Writing comedy at the very last minute sounds like a recipe for disaster (or basically just a “Morning Zoo” radio show) but when AITOM is getting really weirdly funny, one begins to think that Herring and co. are in the ballpark of Spike Milligan. Not that AITOM is The Goon Show reborn exactly (nothing could ever be as maniacally inspired as that holy series), but when the Occurs team move quickly in and out of sketches, bizarre characters, and really nasty catchphrases (my personal favorite being the unpleasant but oddly fitting “sexcrement” as a synonym for children), it becomes evident that Herring is using the podcast in the way that the mighty Spike used the radio comedy show format — in effect, killing it in order to produce something new and far more ridiculous.

Herring is self-professed fan of Bill Hicks, and he does operate on AITOM with a great sense of how to deconstruct a comic situation, re-construct it, and then utterly decimate it once more for comic effect, which is an element that I’ve noticed had crept into the most brilliant British standup after Hicks became a cult figure over in the U.K. (he having done the self-examination bit many times in his later, better routines).

The final, essential component of AITOM is the small ensemble cast. Herring has worked with a few small, tight casts (check out the radio series Lionel Nimrod’s Inexplicable World), so he knows how to gather a cast of versatile performers. Here, he has musician Christian Reilly on hand to acoustically provide musical “stings” and topical songs to act as transitions from sketch to sketch; Reilly’s theme for the show is catchy-as-fuck, and his wonderfully prissy impression of Bryan Ferry is also very funny. Emma Kennedy provides all the female voices, from sultry seductresses to batty mother figures; her talent is manifest on the show, but I was most amused by her take on Michael Jackson as a baby-man ready to dance. Rounding out the quartet (because Herring always stays Herring on the show) is Dan Tetsell, who is as versatile as Kennedy and provides voices that are just as memorably deranged — the clear fan favorite being his nasal take on Herring’s radio/podcast partner Andrew Collins, called here “Tiny Andrew Collings.”

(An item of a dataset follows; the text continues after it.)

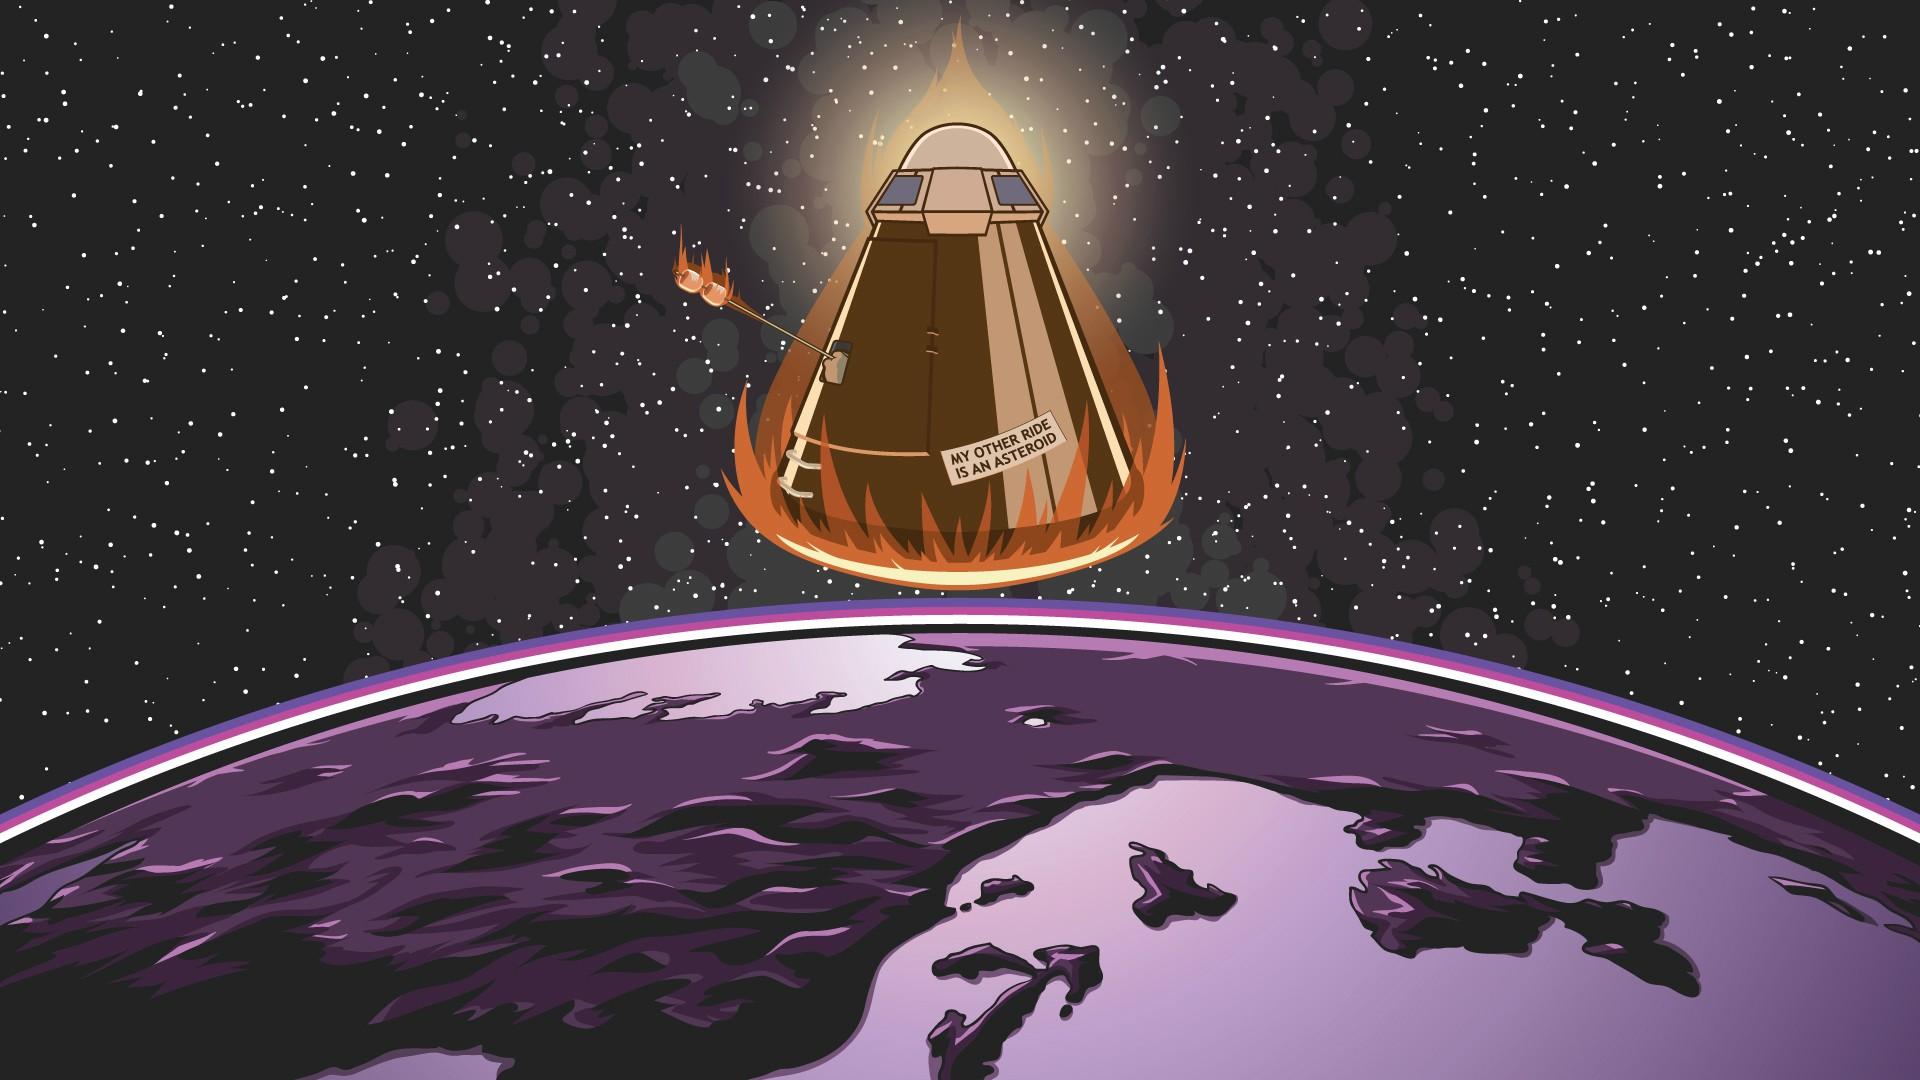 Kamping Trip Kerbal Space Program Artwork 989522 Hd

Herring’s torment of his C&H partner has gone into some very oddly Freudian and very funny places here, including Herring sleeping with “Tiny Andrew’s” mom, killing him off not once but several times, and doing a really nice riff on the end of The Prisoner where “Collings” and Herring are indeed one (or each other’s parents, or brothers — I can’t say I remember how Richard resolved the problem, but it was very funny and truly McGoohan-like).

You can check out As It Occurs to Me on iTunes or (the better option, I think) on the British Comedy Guide. It might be best to start from the beginning, or you may never know what a “cumpkin” is (maybe that’s for the best, though) or be able to put your finger on the British celebs who are mercilessly spoofed by Herring and company. As was the case with my discussion of the U.K.-specific references in Stewart Lee’s Comedy Vehicle below, I think American listeners can figure out easily enough who Herring is talking about, and who their American pointless-celeb equivalents are.

AITOM has run for two seasons of ten shows (again, the perfect British method of keeping the comedy fresh, as opposed to the American approach, which runs every single comic concept into the ground, for years) and a handful of specials, including a recent “Autumn Special,” which inspired me to write this paean to the program. The visual clips found online don’t really convey what the show is like, so I’ll close out instead with Herring doing one of his most wonderfully blasphemous bits. I think Richard has the right idea — if you’re going to be blasphemous, just go ahead and be fucking blasphemous!



UPDATE (10/23): Since I posted this entry, I've heard two more great podcast episodes from Herring, the first being the initial episode in his "Richard Herring Objects" series found here (as far as I can tell these episodes will only be on the BBC site for seven days after the initial broadcast) and the second "Autumn Special" of AIOTM. Herring shows absolutely no signs of taking a break, so enjoy his productivity now!